The purpose of a heads up display is to provide critical data to the viewer while not distracting him or her from the primary task for which the data is needed. It informs a fighter jet pilot of heading, altitude, air speed and orientation to the horizon line, among other data, which lessens the need for the pilot to look down at the instrument panel. Commercial planes have similar HUDs, and some automobiles feature one showing speed. Motorcycle helmets with a heads up display on the visor shield project speed and gear number.
The type of display used in aircraft requires three basic parts: a computer, combiner and an overhead projector unit (OPU). The computer interfaces with the aircraft to collect and format data from the flight management system as well as other systems, while the OPU projects the data on to a combiner. A combiner is made of coated, transparent glass that only reflects light in the green wavelength. The OPU is installed behind the pilot’s head, while the combiner is installed in the field of vision. In some models, the OPU and combiner are one unit.
Refocusing the eyes can cause fatigue, so an aircraft’s heads up display is “focused at infinity” allowing the pilot to read the display without shifting focus. When used in automobiles, the display is focused closer, somewhere near the end of the hood. Motorcycle helmets also have a relative focal point for maximum comfort.
This type of display can also be ocular, worn as a portable device over one eye. This type of HUD is most often used by military in the field to display tactical information. Experiments are also ongoing for development of a heads up display that would send information directly to the eye’s retina.

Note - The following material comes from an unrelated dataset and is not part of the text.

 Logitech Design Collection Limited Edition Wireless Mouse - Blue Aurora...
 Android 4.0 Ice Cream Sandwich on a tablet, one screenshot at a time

Other types of HUD devices in development will use Synthetic Vision Systems (SVS) to display real-world computer-generated terrain from high-resolution databases. When an aircraft is in flight with no visibility, for example, this type would render surrounding land on the display. If the aircraft’s vector were headed for an obstacle, the obstacle would change color in the display to warn the pilot, providing ample time to change course.